Turkish gov’t detains Bank Asya’s 49 shareholders over alleged links to Gülen movement

Turkish government has issued detention warrants for 68 former shareholders closed Islamic lender Bank Asya and detained 49 of them so far on Wednesday over their alleged links to the Gülen movement as part of its massive pos-coup witch hunt targeting the alleged members of the movement.

The nationwide operations had been initiated by a prosecutor’s office that specifically targets former shareholders who had authority to elect their executive board and take trade-related and administrative decisions. The witch hunt operations targeting Bank Asya shareholders was being carried out in 9 provinces. The bank was recently declared bankrupt by a government body.

It was reported that police have also determined that two of the shareholders sought with detention warrants were abroad.

The Turkish state seized Bank Asya in 2015 over its links with the Gülen movement. In the aftermath of a controversial military coup attempt on July 15, 2016, the Turkish government closed down Bank Asya on the grounds that it was linked to the Gülen movement.

Later Turkey’s Savings Deposit Insurance Fund (TMSF) had taken over management of Bank Asya and took control of 63 percent of its privileged shares, enough to name the board, in February 2015. New board members, a general manager and deputy general managers were appointed immediately.

Before the government seizure Bank Asya was one of the three banks with the highest liquidity in Turkey.

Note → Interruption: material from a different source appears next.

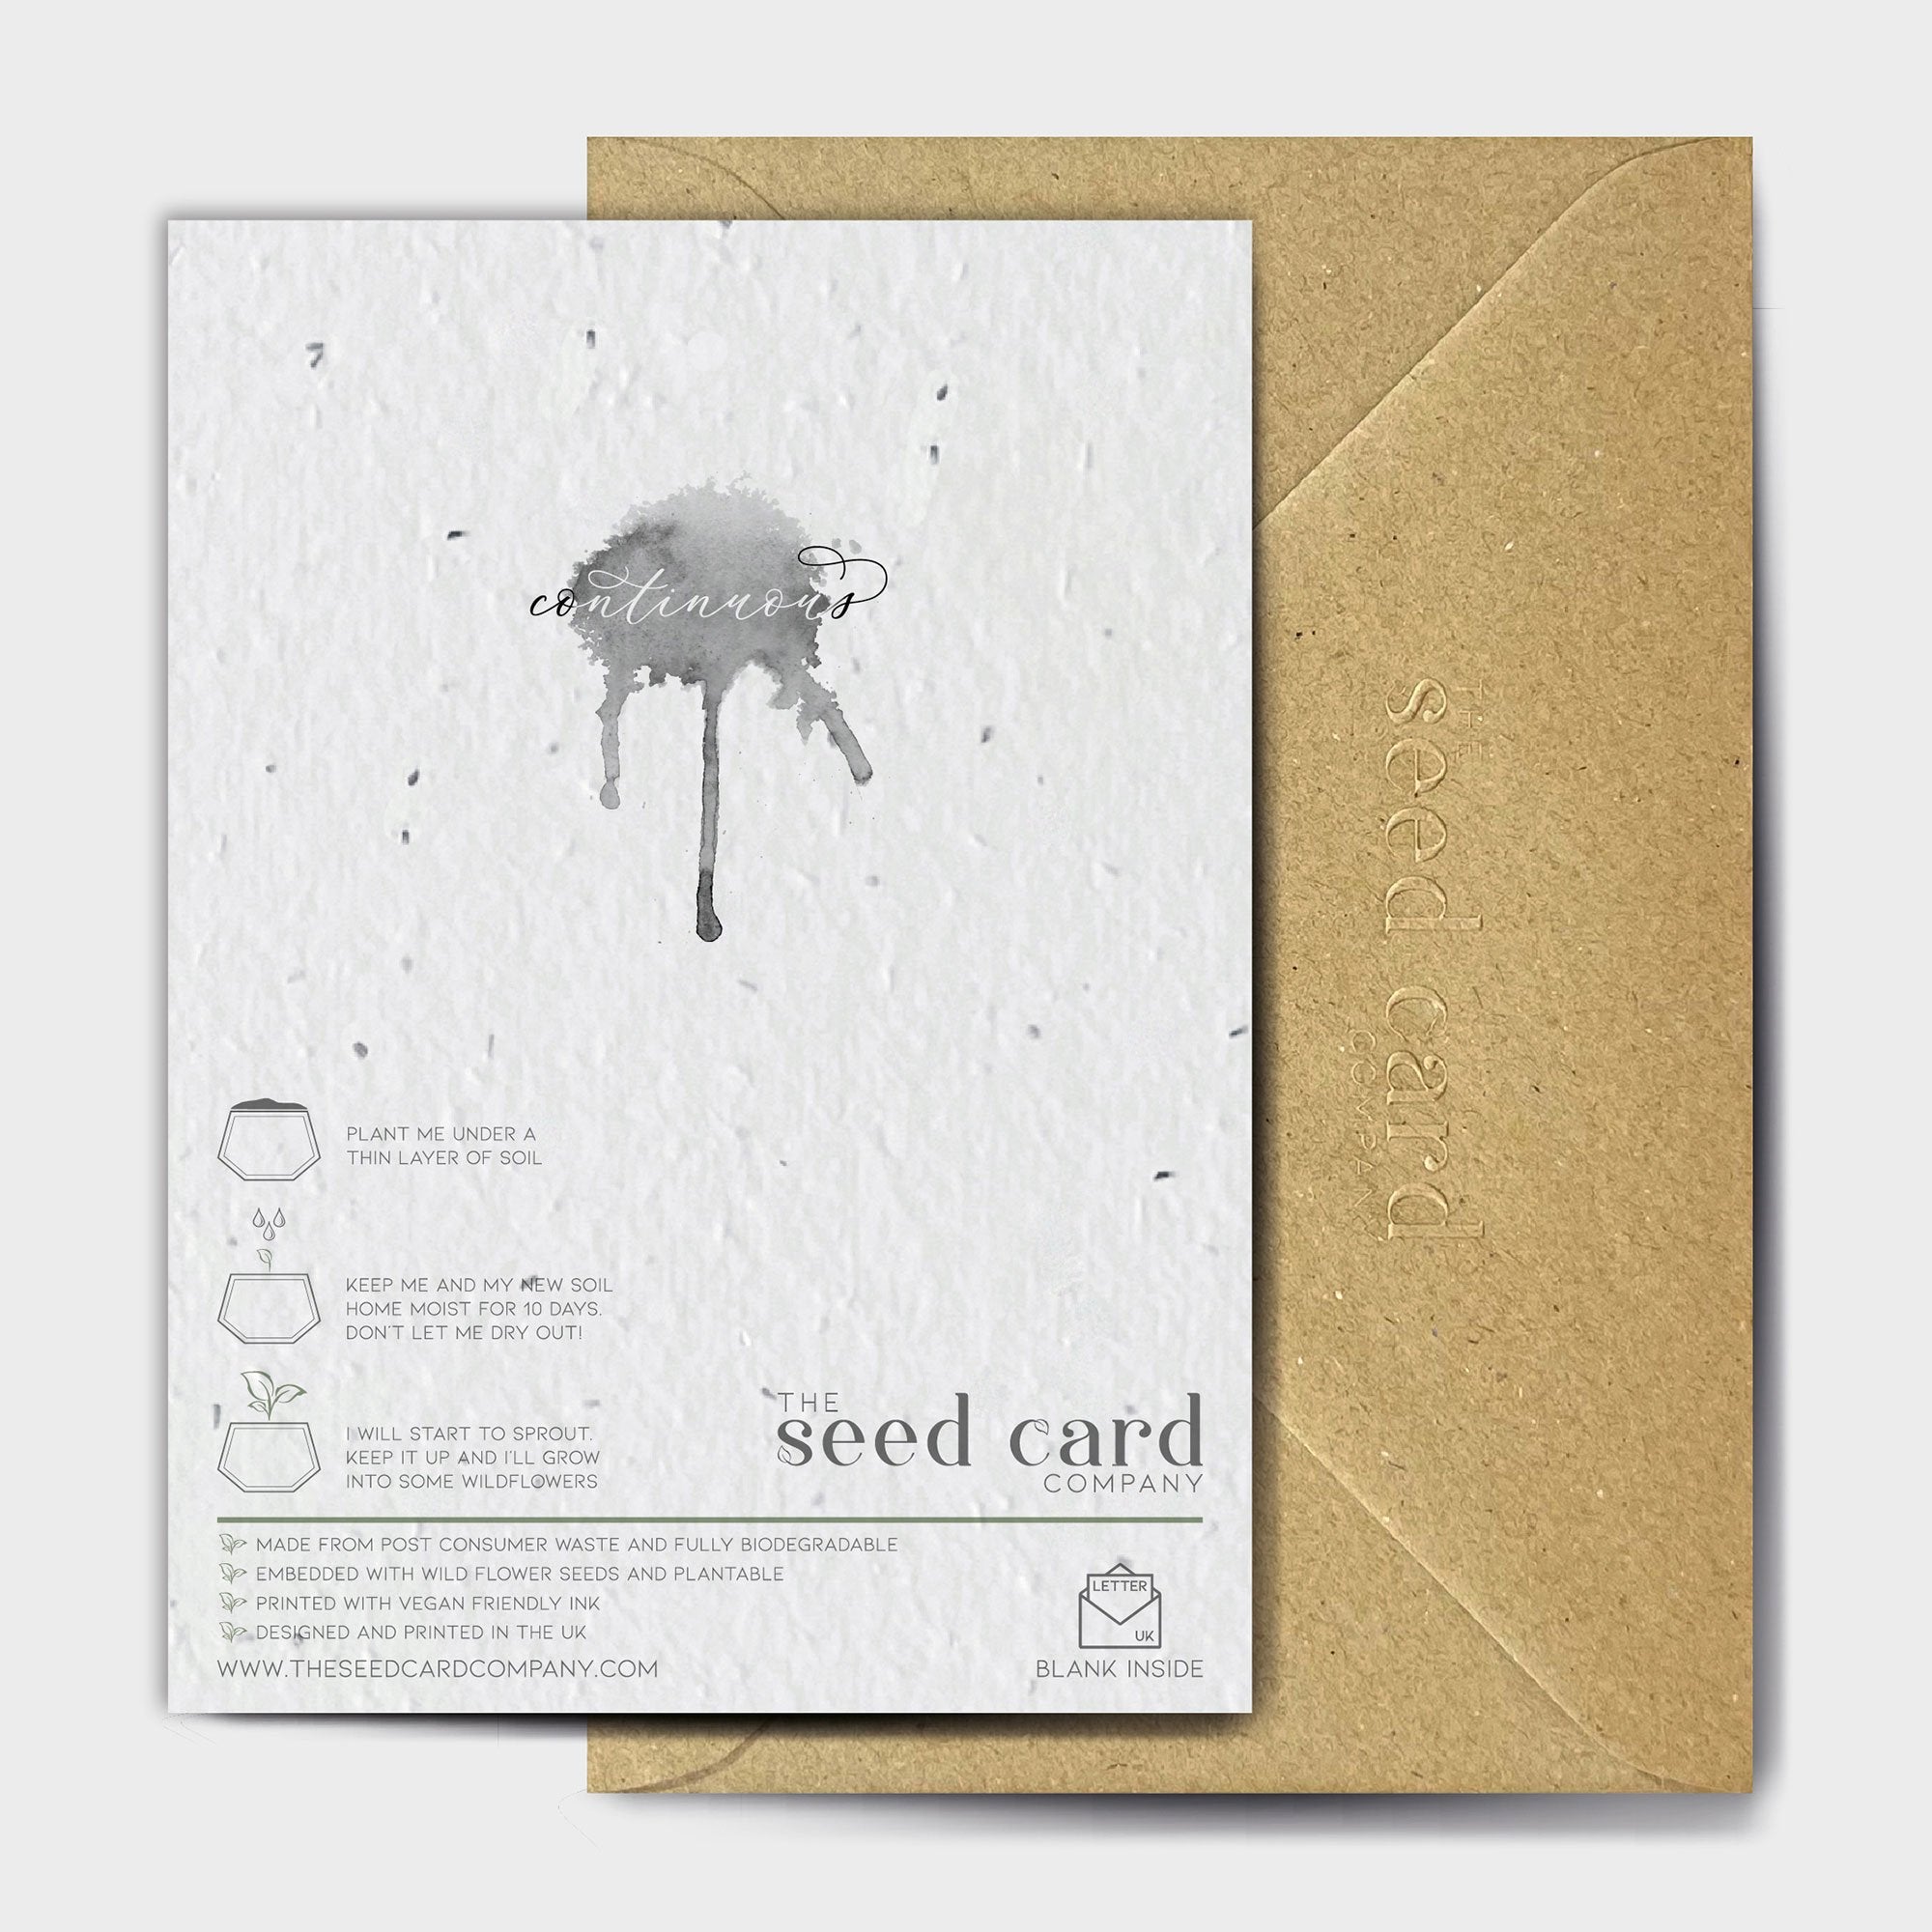 Shop online Pink Anomalily - 100% biodegradable seed-embedded cards Shop -The Seed Card Company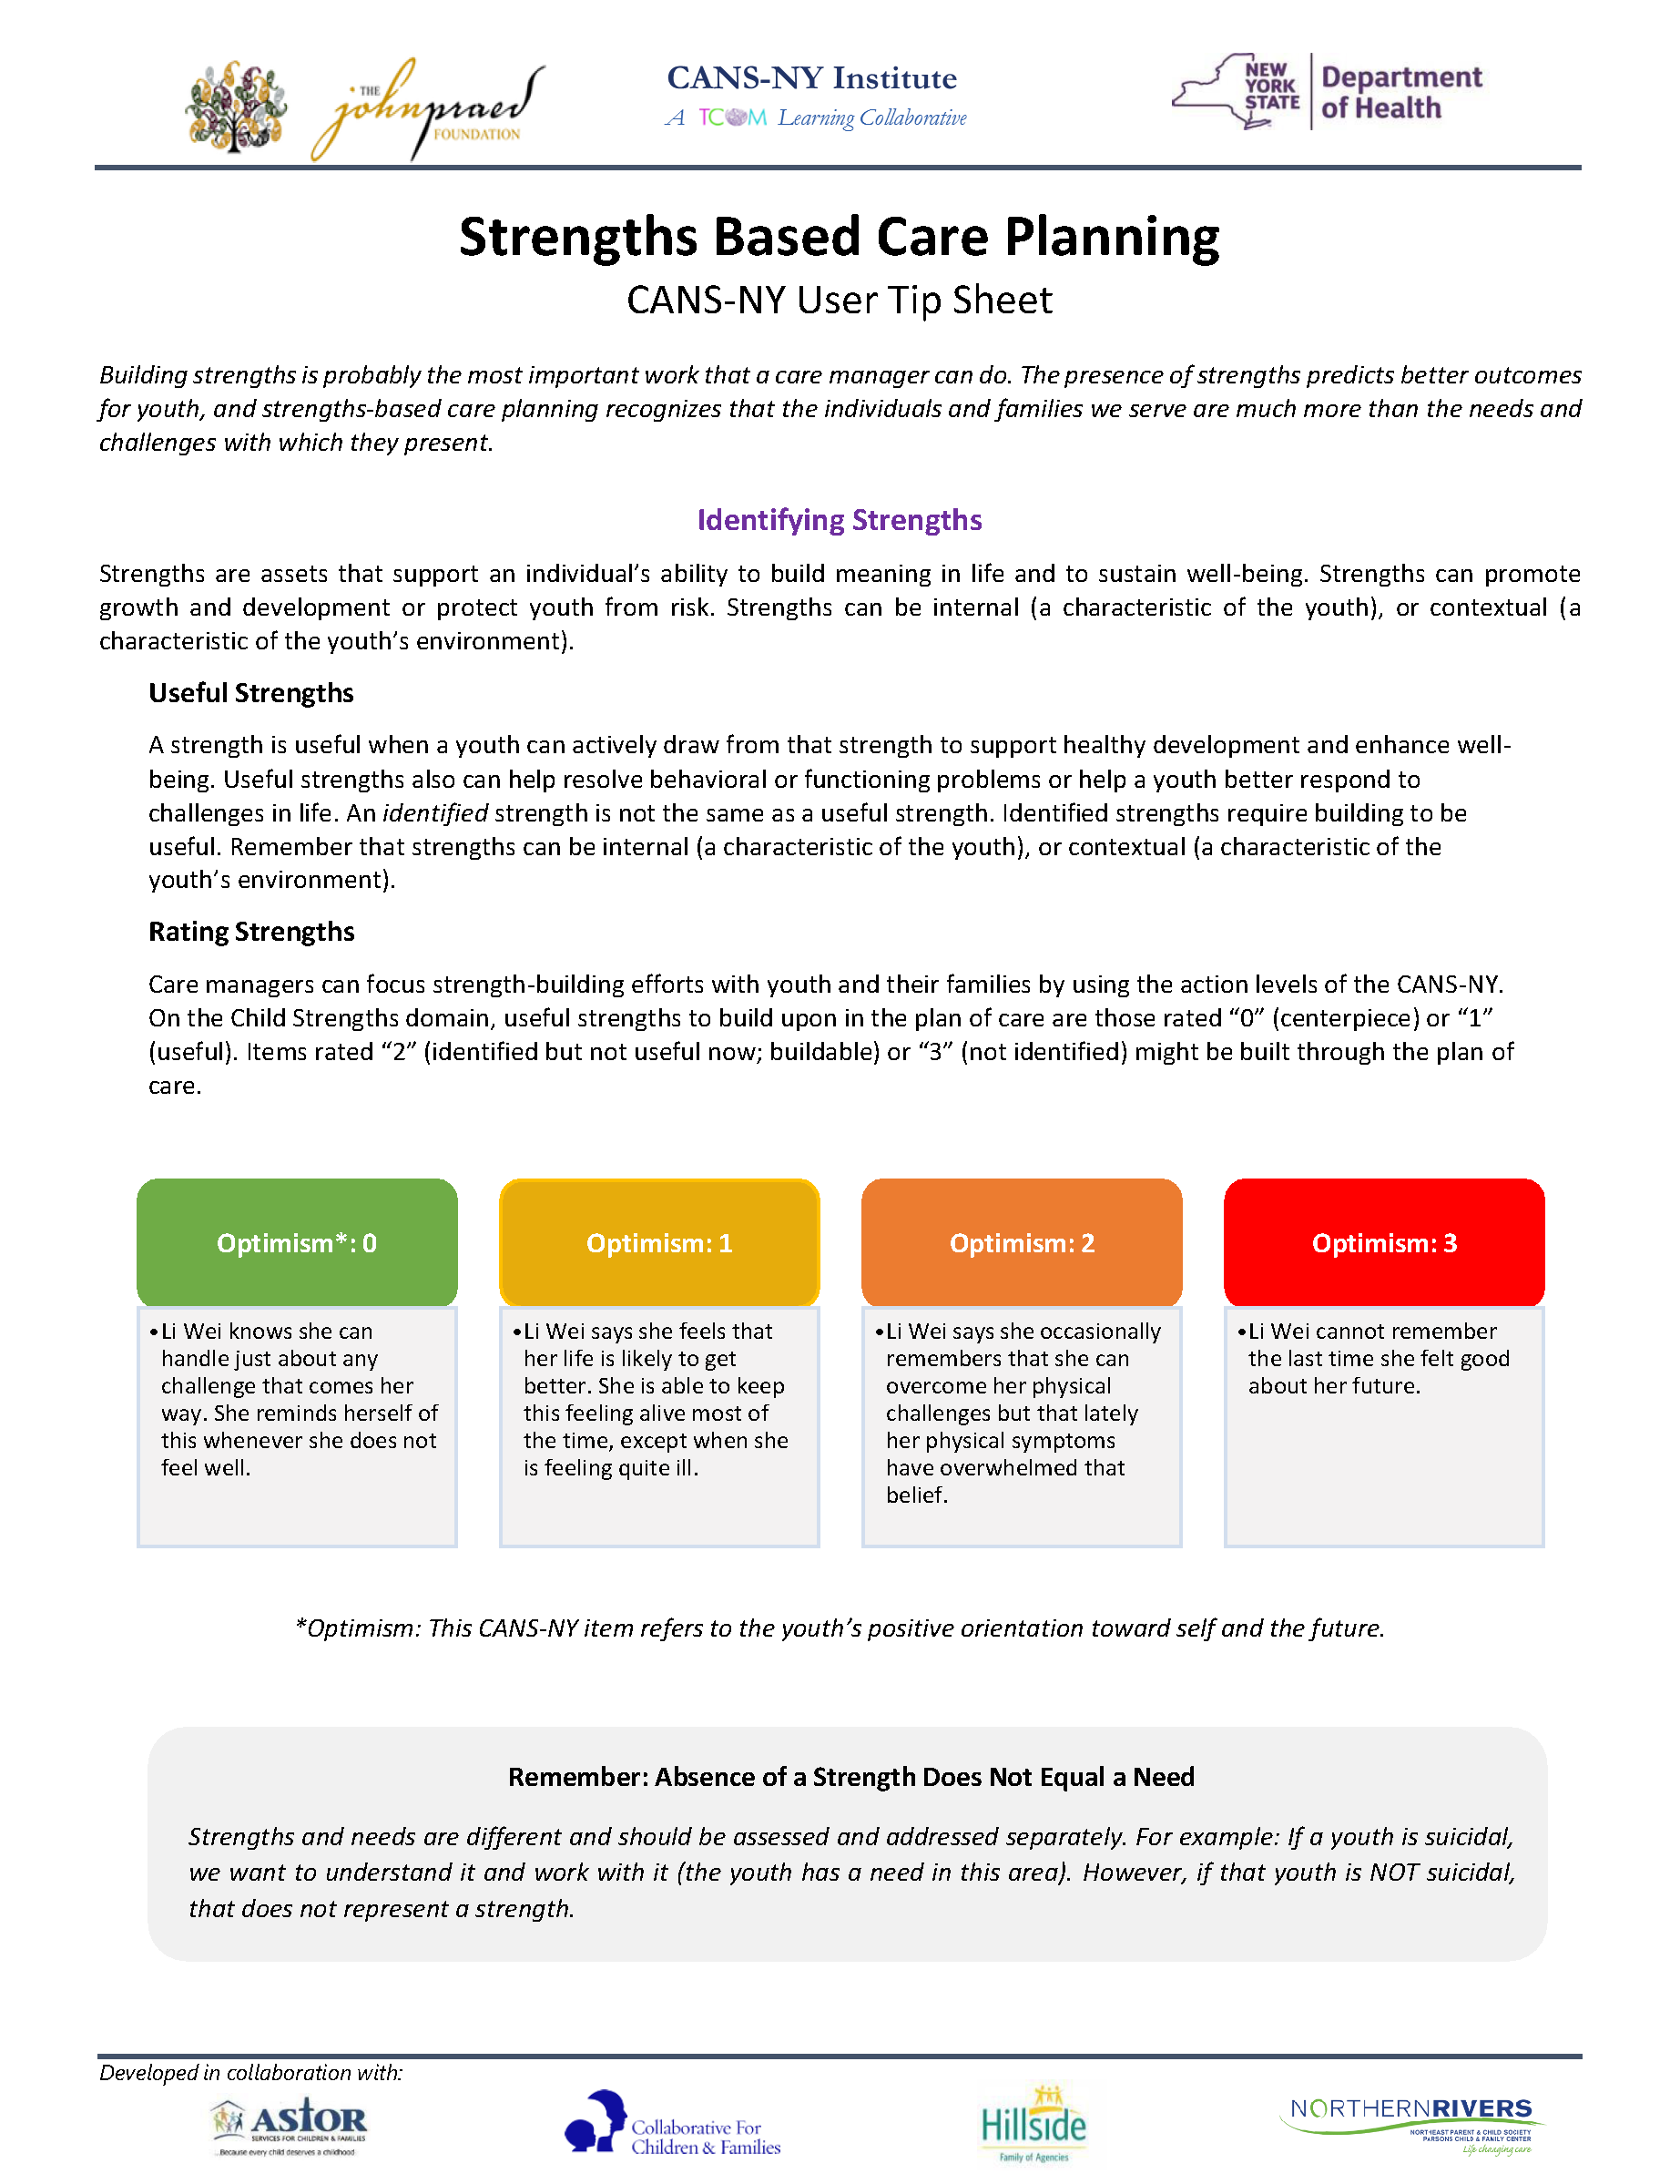 tip-sheet_strengths-bases-care-planning_2021_Page_1.png

The government unlawfully took over the bank on February 4, 2015, contrary to strict statutory banking regulations against such a drastic move.

Bank Asya’s banking license was cancelled on July 22, 2016 — seven days after the controversial coup attempt — by Turkey’s Banking Regulation and Supervision Agency (BDDK). The banking watchdog had ruled for the complete takeover of all shares of the Islamic lender by the state-run Savings Deposit Insurance Fund in May 2015.

The bank, which had 210 branches, 5,000 employees and around 1,5 million clients, was founded on October 24, 1996 upon formal approval from the regulators. It has operated under the supervision of the independent regulatory bodies in Turkey that were responsible for overseeing the banking sector. It was a popular bank.

In the aftermath of the controversial military coup attempt on July 15, 2016 having an account at Bank Asya have been presented by prosecutors and government officials as evidence of being member to a so-called “terror organisation.”

Also on Wednesday, 14 teachers, who were dismissed by government decrees previously, were detained by police over their alleged links to the Gülen movement. It was reported that there are women among the detainees.

One person was also detained in the southern Kahramanmaraş province over his alleged use of  the mobile phone messaging application ByLock, while in the central Anatolian province of Eskişehir, a local businessman was detained by police over his alleged links to the Gülen movement on Wednesday

Turkish authorities believe that ByLock is a communication tool among the alleged followers of the Gülen movement. Tens of thousands of people, including civil servants, police officers, soldiers, businessmen and even housewives, have either been dismissed or arrested for using ByLock since the failed coup attempt on July 15, 2016.

Moreover, a total of 10 people were convicted and sentenced on Wednesday across Turkey for being alleged members the Gülen movement. The 2nd High Criminal Court in the northern city of Samsun has sentenced Enes Çetin and Yusuf Özbek to over 7 years in prison over alleged membership to the movement. Nurullah Saygın, Oktay Dolu, Samet Yılmaz and Üzeyir Aydemir were also given nearly 7 years over same allagetions.

In the southeastern province of Adıyaman, the 2nd High Criminal Court gave separate jail terms of 11 to 13 years to three defendants for being alleged members the Gülen. movement and for allegedly using the ByLock. Murat İno was sentenced to 11 years and 3 months in jail, while Abdulkadir Yıldırım and Ahmet Kandırmaz were given jail terms of 13 years and 6 months each. The court also sentenced Tarık Çetin to 9 years for being alleged member of the Gülen movement.

Turkey survived a controversial military coup attempt on July 15, 2016 that killed 249 people. Immediately after the putsch, the Justice and Development Party (AKP) government along with President Erdoğan pinned the blame on the Gülen movement.

Gülen, who inspired the movement, strongly denied having any role in the failed coup and called for an international investigation into it, but President Erdoğan — calling the coup attempt “a gift from God” — and the government initiated a widespread purge aimed at cleansing sympathizers of the movement from within state institutions, dehumanizing its popular figures and putting them in custody.

Turkey has suspended or dismissed more than 150,000 judges, teachers, police and civil servants since July 15. Turkey’s Interior Minister announced on December 12, 2017 that 55,665  people have been arrested. Previously, on December 13, 2017, The Justice Ministry announced that 169,013 people have been the subject of legal proceedings on coup charges since the failed coup.